Does anyone have experience with a good personal finance software that allows you to track bank accounts, income, expenses, etc in both USD and MXN? My job pays me in pesos but my husband gets paid in dollars.

If it does business finance as well that would be a bonus.


----------



## rckrckr (Jan 12, 2010)

I don't know if it has all the features you need, but Quicken can track in many currencies, including MXN - just indicate in the set up of each account which currency you want.


----------



## TundraGreen (Jul 15, 2010)

gemdomer said:


> Does anyone have experience with a good personal finance software that allows you to track bank accounts, income, expenses, etc in both USD and MXN? My job pays me in pesos but my husband gets paid in dollars.
> 
> If it does business finance as well that would be a bonus.

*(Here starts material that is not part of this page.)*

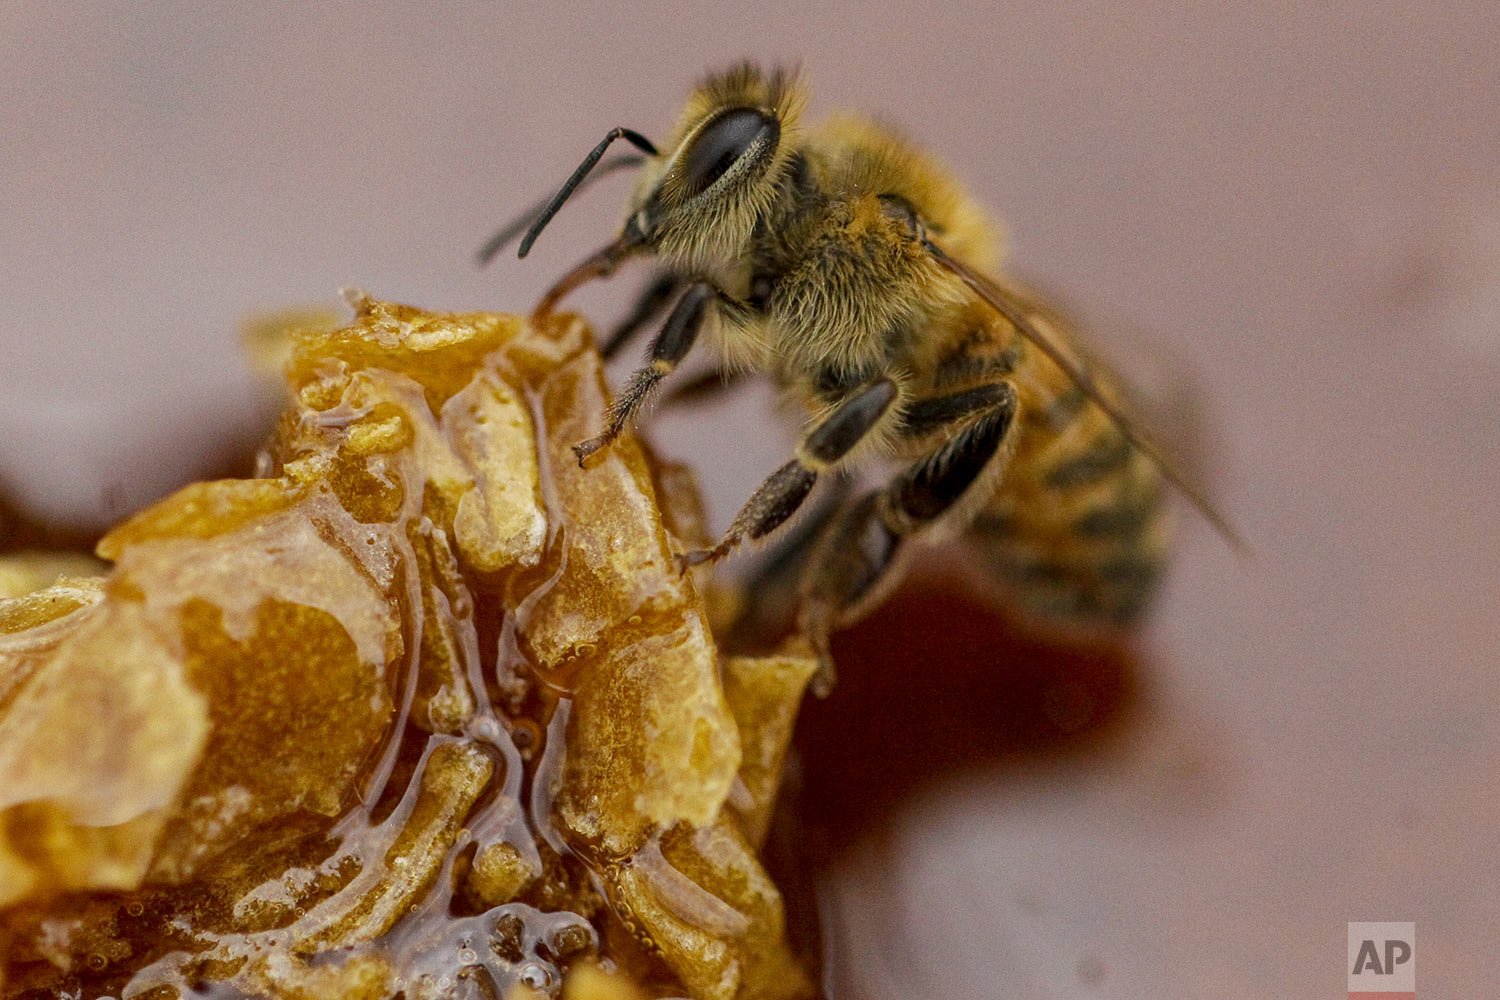  A bee feeds on a honeycomb at a beekeeper's farm in Colina, on the outskirts of Santiago, Chile, Jan. 17, 2021. A drought has gripped Chile for 13 years and the flowers that feed honeybees in central Chile have grown increasingly scarce. (AP Photo/E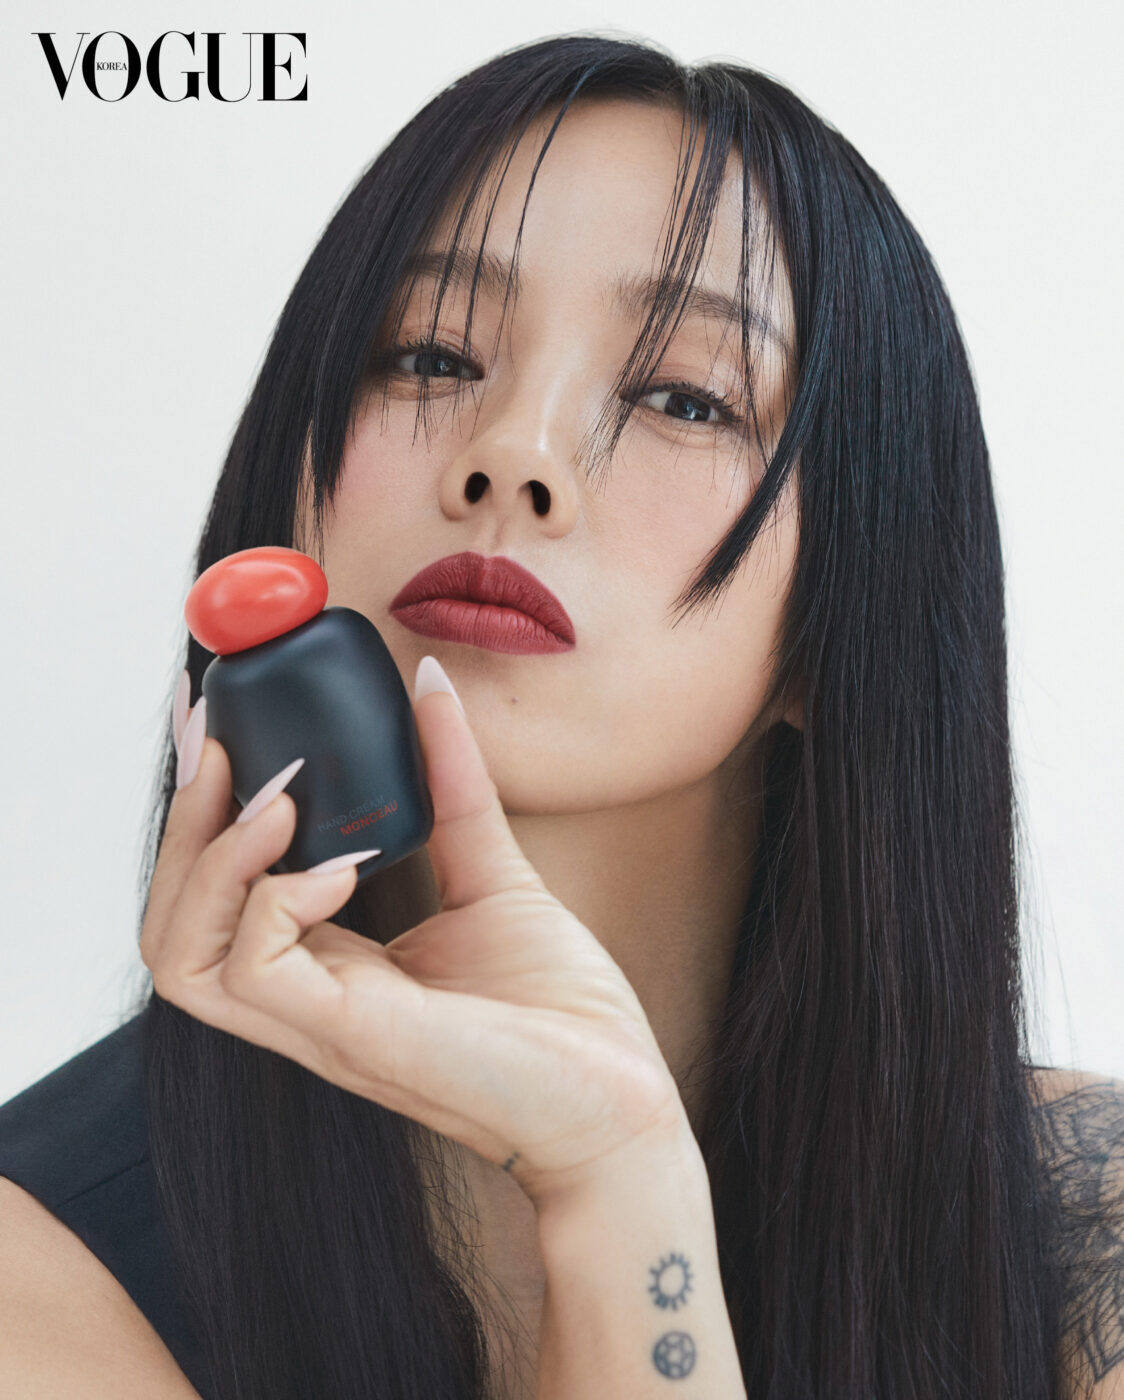 Former K-pop star and activist Lee Hyo-ri poses with Siita's new sustainable hand lotion for Vogue magazine. (Siita)

I use GnuCash. It is a free, open source software. It comes in Windows, Mac OS X, and Linux versions. It handles multiple currencies very easily. I have two peso accounts and multiple dollar accounts and it all works really well. I switched from Quicken which would not handle multiple currencies at all (at least in the Macversion it wouldn't). I like GnuCash a lot better. It is fully double entry. It was easy to learn to use mostly. The currency conversion is handled with "Price Editor" that keeps a record of the fluctuating value of a currency. Stock or fund prices are handled with the same editor.


----------



## pappabee (Jun 22, 2010)

Quicken is not a good accounting program, it is a very good money management program. To be considered an accounting program it must be a double entry system. As we have more and more international banking you will find more and more accounting programs that will do the job.

FYI, one of the first places that new programs arrive is in the shareware or freeware market. Shareware.com; tucows.com and zdnet.com have some of the best choices.


----------